King Crimson at 40

One of the most short-sighted things I’ve ever done was a big vinyl purge, years ago, necessitated by moving but costing me some great mid-’70s Judas Priest, every Rush album and too much else to think about. It says something, however, that I kept all 12 of my King Crimson records.

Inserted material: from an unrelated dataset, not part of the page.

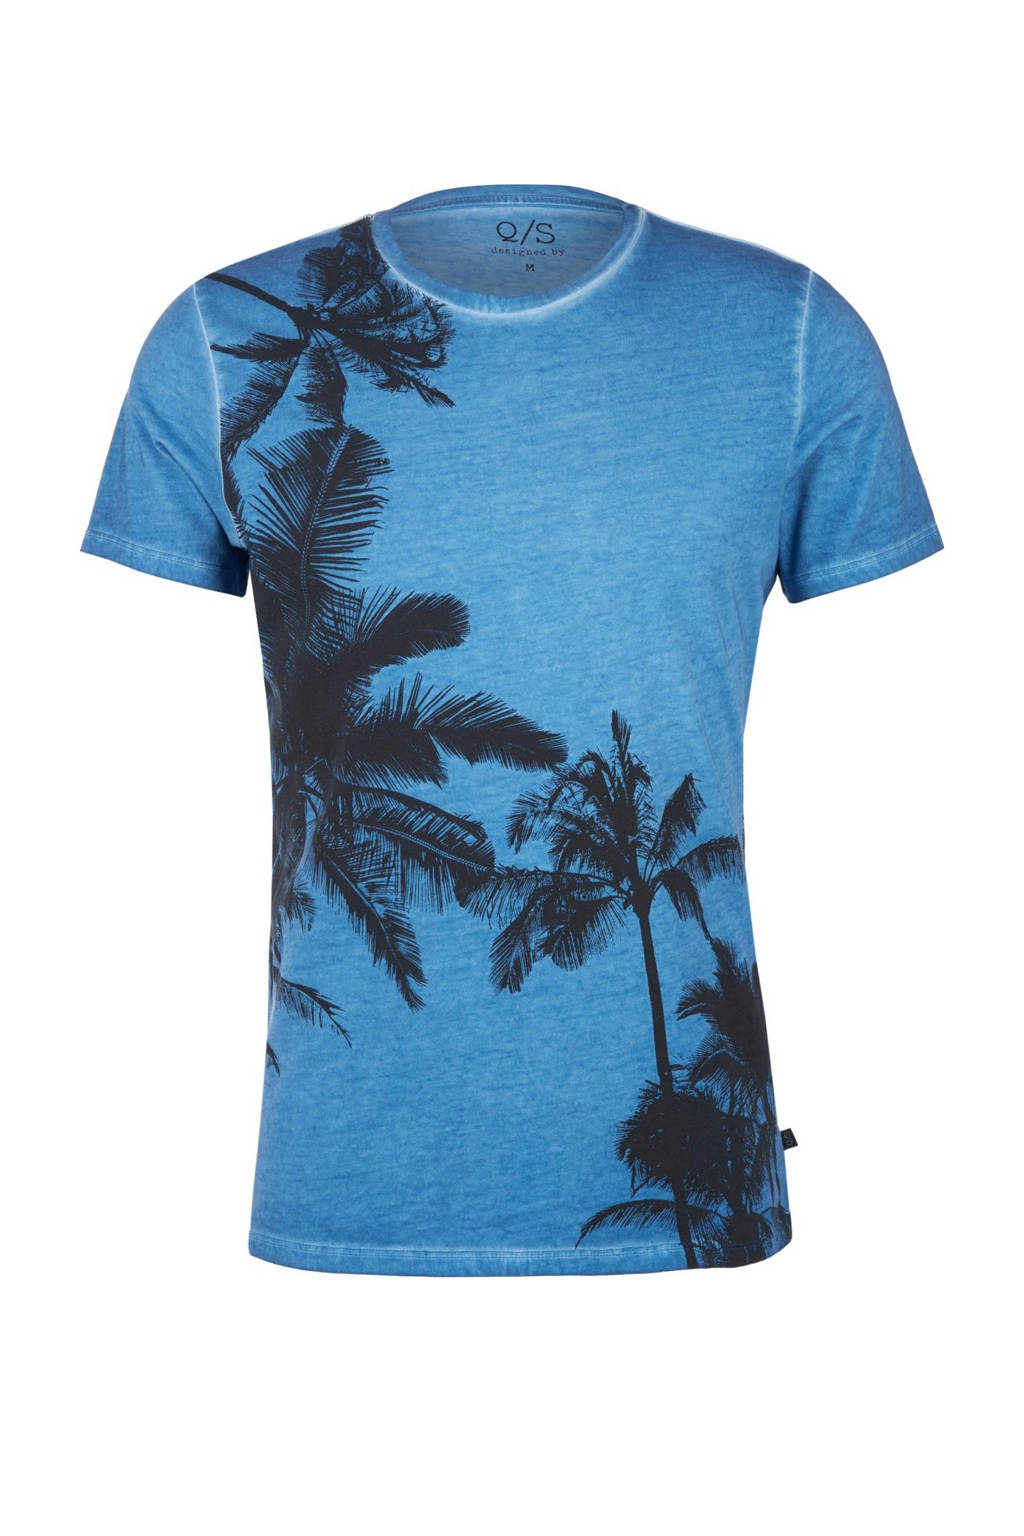 Q/S designed by T-shirt met printopdruk blauw, Blauw

The band and I are both 40 this year. It was fun seeing them Monday at the Keswick, on their swing through Philly, although in my preview blurb for the Weekly I lamented the absence of a particular prog-rock god who’s busied himself with some very respectable jazz in the past decade:
“Some would argue it’s not truly King Crimson without genius drummer Bill Bruford, who saw this prog–rock unit through its earlier spellbinding incarnations. But with Adrian Belew, Tony Levin and guitar mastermind Robert Fripp still in the fold, and with Pat Mastelotto and Gavin Harrison pounding drums in a ‘double trio’ format, this remains a creative enterprise, not a half–hearted repackaging. From mellotron psychedelia and proto–metal in the ’70s to a more mathematical vibe in the ’80s, Crimson always kept things technically challenging and cryptic as hell, but strangely melodic, even funny. There have been long hiatuses, but the ship sails, armed with new music, well into the ’00s.”
I’d state the “creative enterprise” part less emphatically after hearing the Keswick show. Newer material played a very limited role — as you’d expect from an older band whose fans, myself included, want to hear “Frame By Frame,” “Neurotica,” “Three of a Perfect Pair,” “Thela Hun Ginjeet,” “Elephant Talk,” “Indiscipline” and even ’70s gems “Red” and “Larks’ Tongues In Aspic, Pt. 2.” Serve it up they did, like a particularly good rerun. The music itself is unfailingly, bizarrely creative, after all these years. But as I’d suspected, it lacked that obsessively tuned drum timbre that only Bill Bruford can give us.
Adrian Belew, a beanpole of a man, sauntered and bopped around with a Parker Fly guitar, if anything looking younger than he used to. Robert Fripp sat behind a tower of effects, obscured from view. Leave it to him to figure out how to be a touring rock star and a hermit at the same time.

One Comment

  1. Matt Stevens-
    May 31, 2010 at 6:25 pm

    I love this record. Discipline – wow!!